Thursday, 24 February 2011

Pelagios Project Plan Part 3: Risk Analysis and Success Plan

Risk Analysis

The main risks identified are shown below and will be reviewed every month:

Risk

Prob.

Impact

Action to Mitigate

Overly-complex or simplistic ontology inhibits uptake

Low

Med

The domain and technical expertise of LUCERO, ACRG and Pleiades, plus concrete use-cases from each partner, ensures a robust ontology. The use of modular extensions means that problems specific to one document type will not affect others, permitting multiple interest groups.

Lack of community interest

Low

Med

Each project partner already comes to the table with an established community of users, among whom the Pelagios outputs will be rolled out. Other interest groups such as Google, Ordnance Survey, GeoNames, EDINA and the European Commission will be involved through participating at the workshop.

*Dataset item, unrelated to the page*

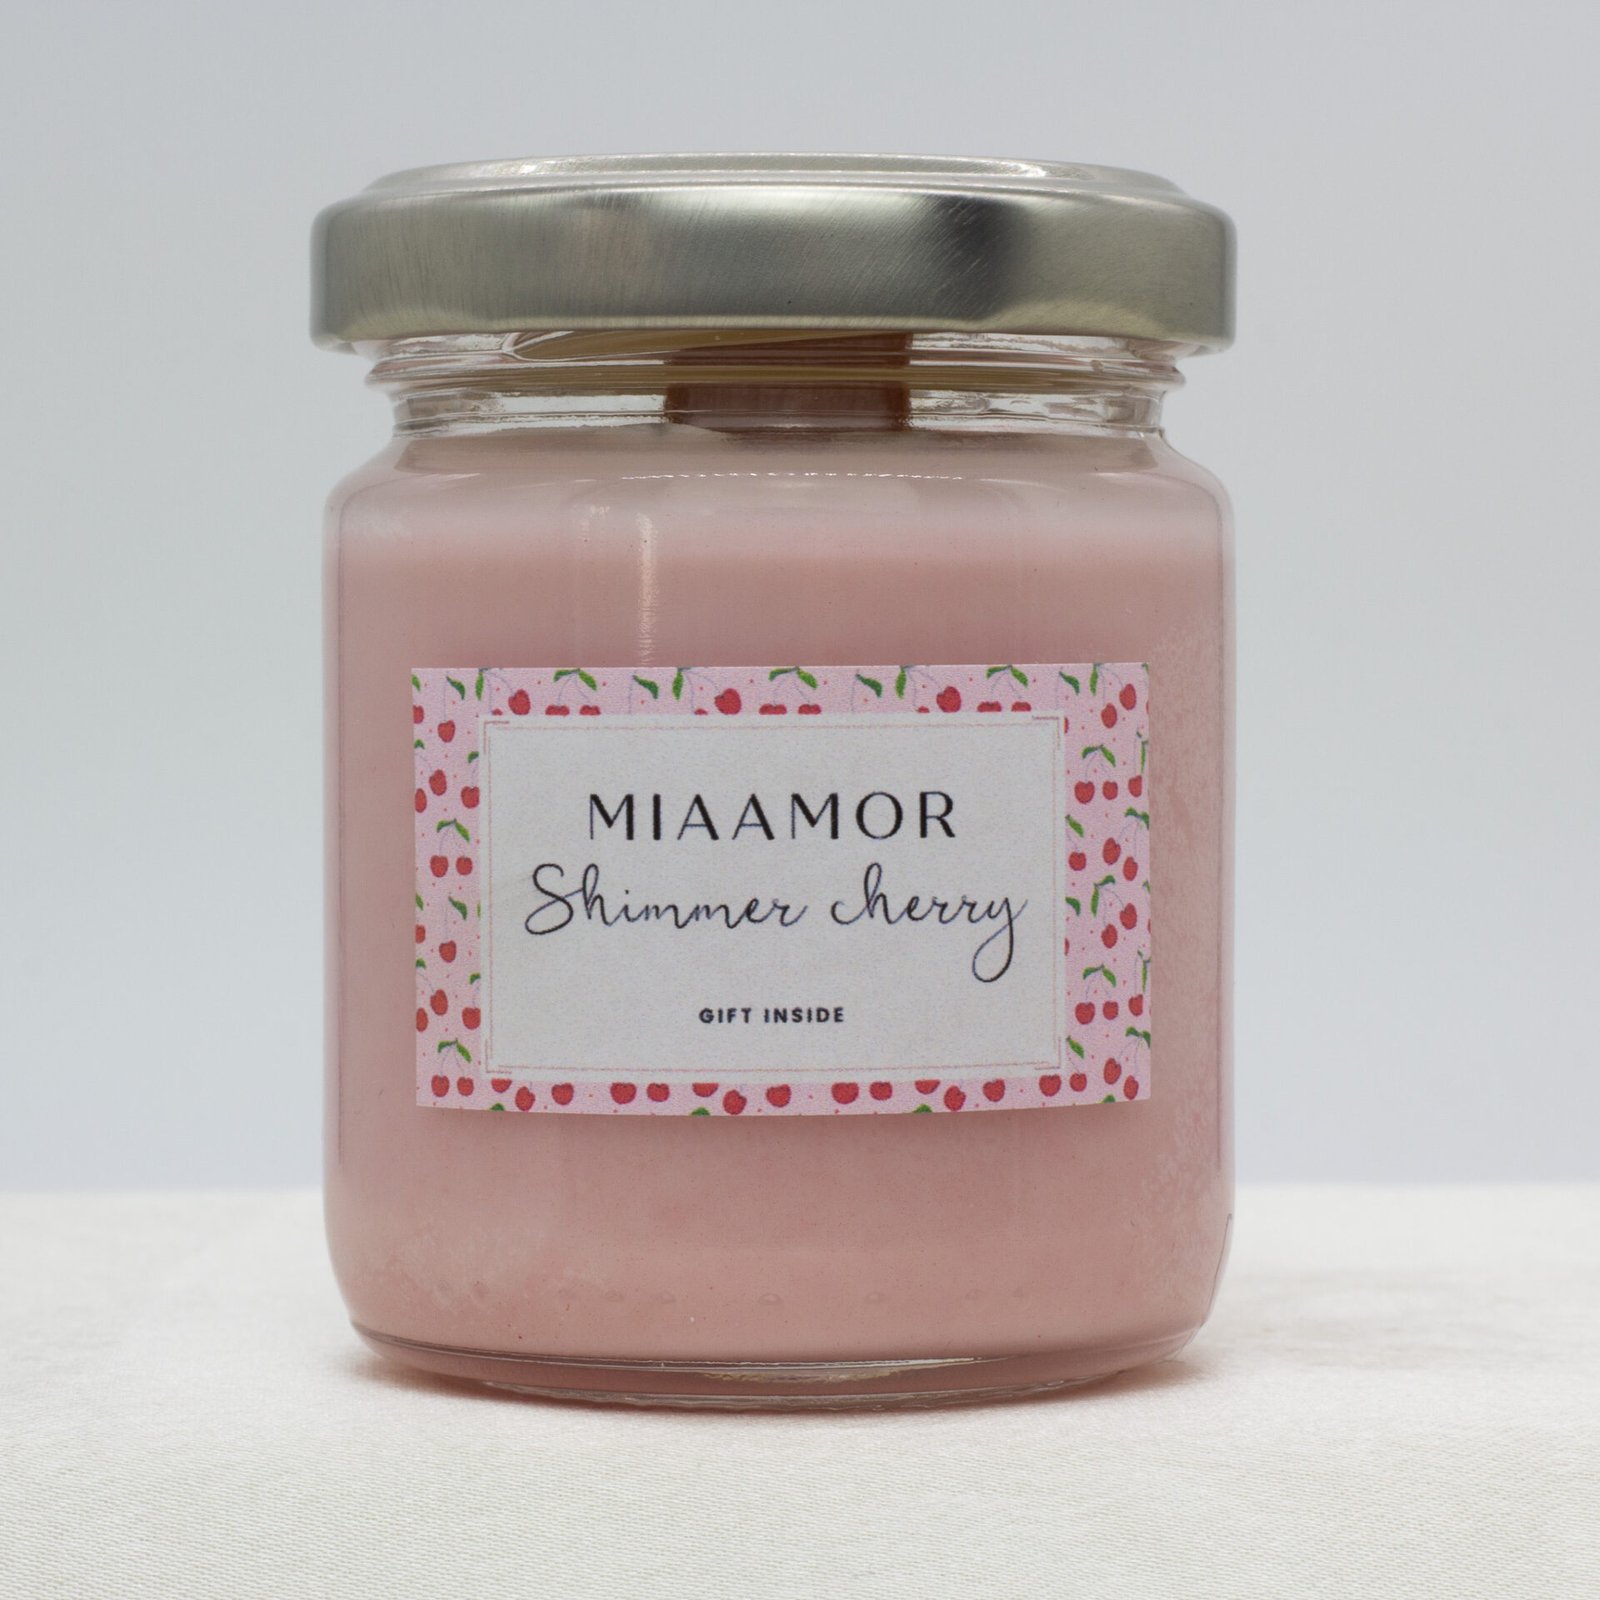 Cherry scented jewellery candle

Project stream unable to fund mapping and publication of data

Med

Low

The global economic crisis threatens all academic funding, but the highly international nature of the consortium and low dependency across the Work Packages greatly spreads this risk.

Critical failure of Pleiades Project

Low

Med

Pleiades is a core element of the Institute for the Study of the Ancient World (ISAW)’s digital infrastructure with high level institutional support and long term funding. It will be possible to use URIs generated from the Princeton Encyclopaedia of Classical Sites as a fallback position if necessary.


Evaluation

The success of the core ontology for place references (COPR) and linked open geo-data (LOG) approach will be measured against each publication stream using SMART criteria:

Specific: The ability to map a given document type to i) persistent Pleiades URIs, and ii) COPR-compliant RDF (see project plan post 1)

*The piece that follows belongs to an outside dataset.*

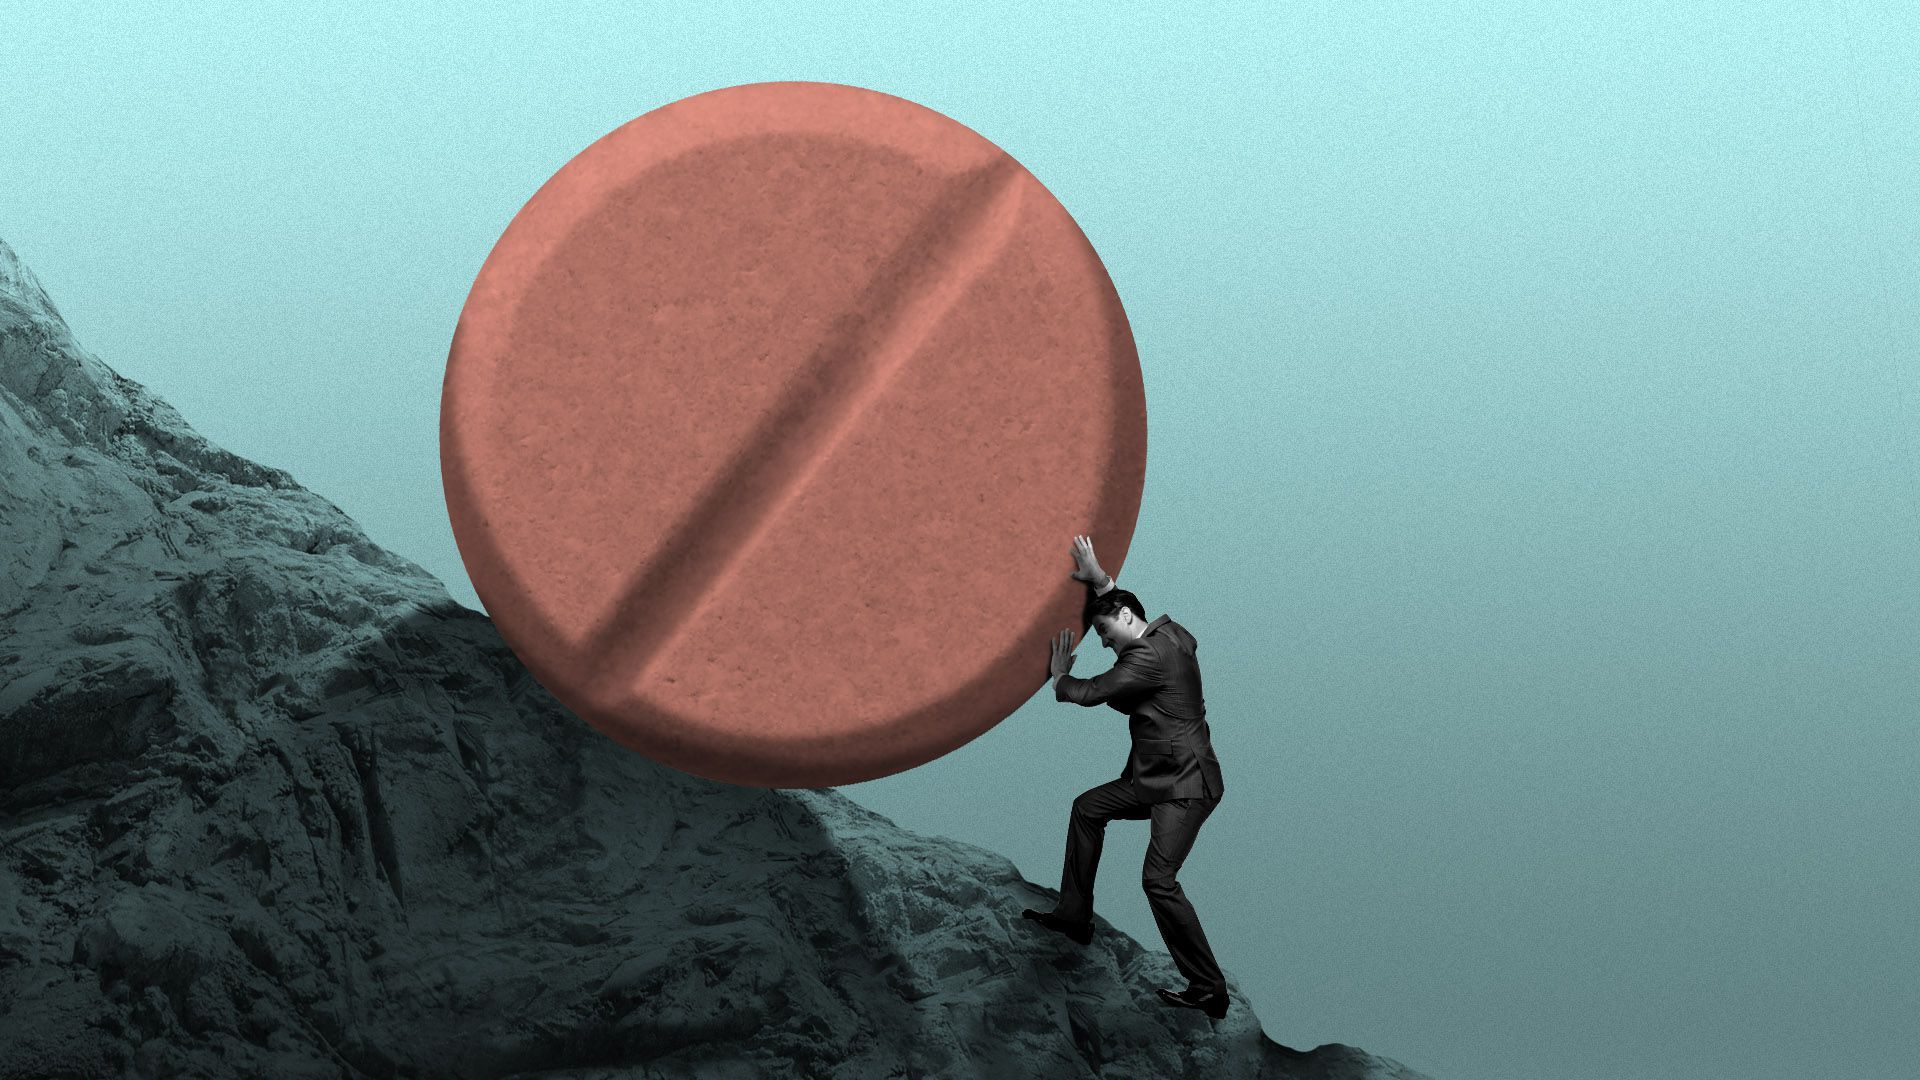 Illustration of a man pushing a giant pill up a hill

Measurable: A comparison of the precision and recall of the linked open geo-data (LOG) against a benchmark manual mapping of a sample from the source material

Achievable: Each team will identify an appropriate corpus in terms of both complexity and volume to demonstrate the value of the ontology

Relevant: Publication streams will refer to ancient places centred on the Mediterranean (whence come the majority of ancient sources) and datasets likely to be of interest to a wide audience

Timely: Sample data will be available four months prior to the end of the project. Complete datasets will be available one month prior to the end of the project.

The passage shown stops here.